In the example above we have two key pieces of the implementation to focus on. Firstly, when the GenServer starts, it will call into the QueueManagerSnapshots module to get the latest snapshot of the state. If there is no snapshot, then the GenServer will start with an empty list. If there is a snapshot, then the GenServer will start with the snapshot from the database. The snapshot is a list of items that have not been processed by the queue manager. Secondly, we use Process.flag(:trap_exit, true) in the init/1 callback to ensure our GenServer can handle shutdown signals gracefully. When the system initiates a shutdown, OTP will call our terminate/2 callback before the process exits. This gives us an opportunity to create a final snapshot of the GenServer's state, which the QueueManagerSnapshots module will store in the database. When the system comes back up, this snapshot will be used to restore the GenServer's state.
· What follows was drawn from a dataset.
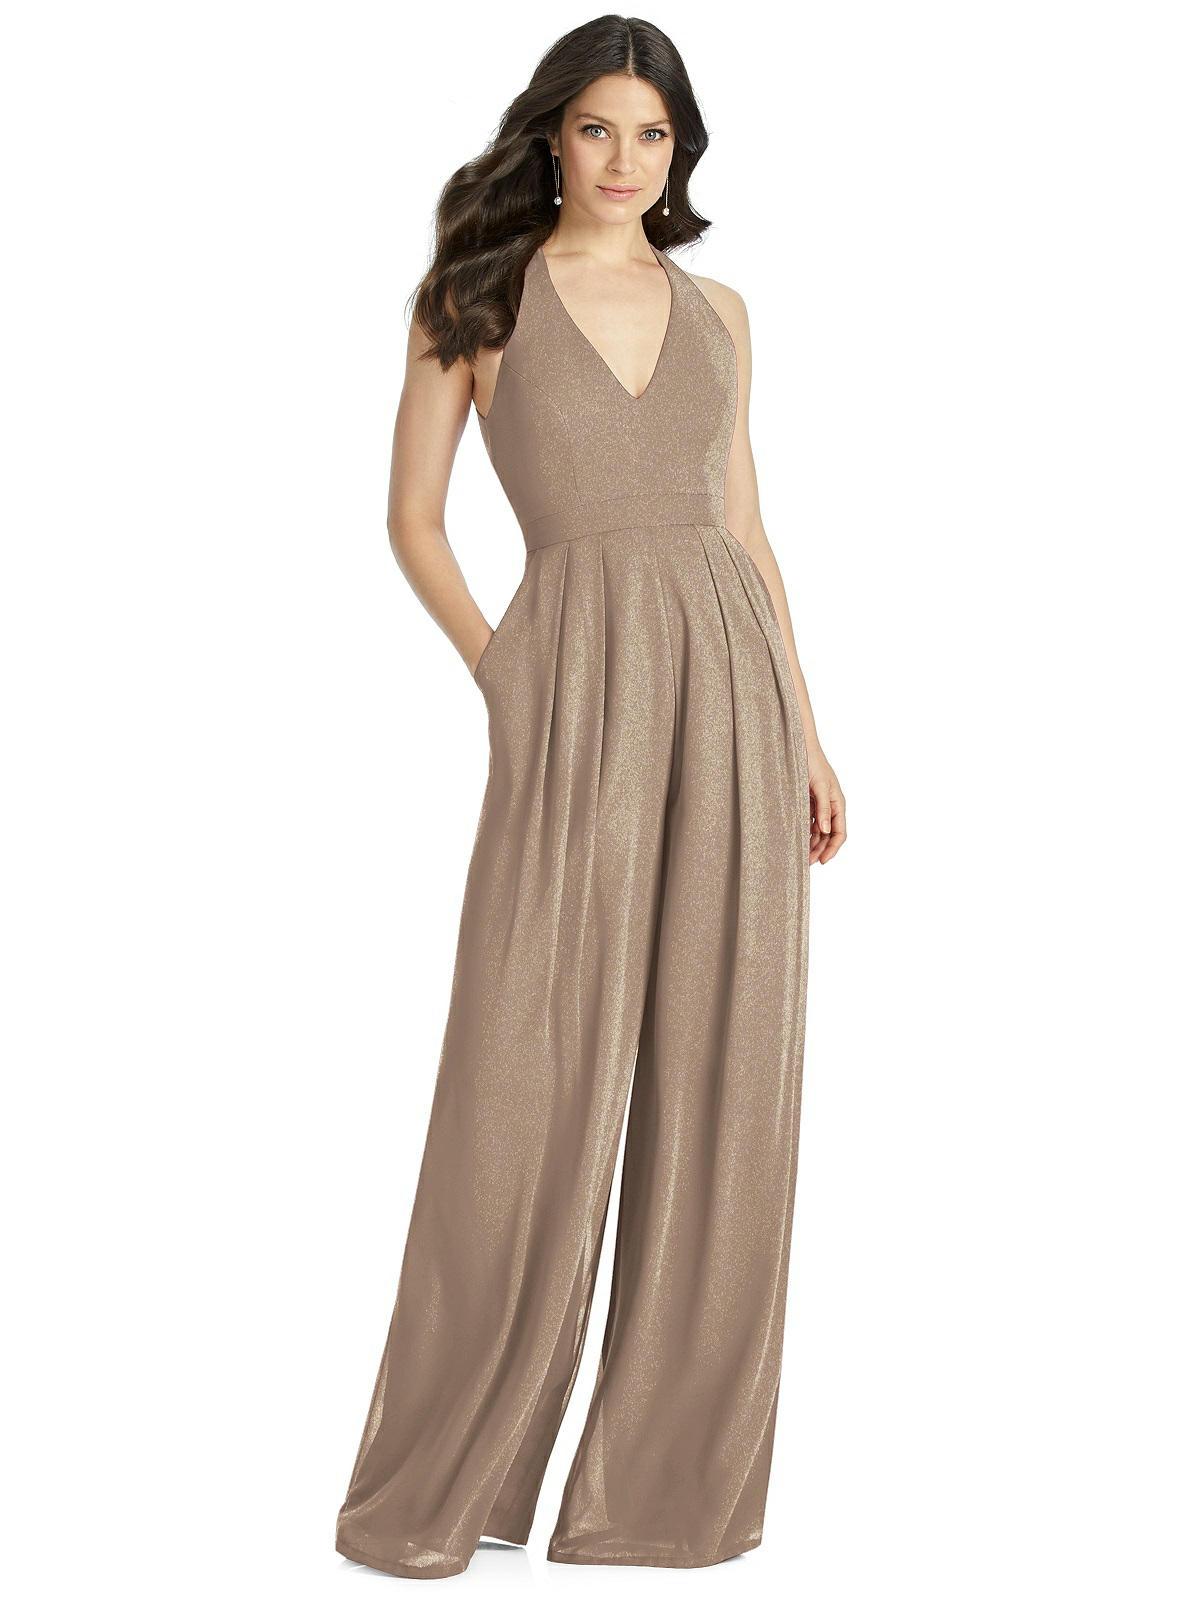 Dessy Shimmer Bridesmaid Jumpsuit Arielle LS #bridesmaidjumpsuits

This pattern works exceedingly well for global singleton processes in a distributed Elixir environment. The snapshots are stored in the database and are restored when the system comes back up. This is a very simple example, but it is the basis for a lot of the complexity in distributed systems. I hope you enjoyed this and find it useful in your work as much as I have!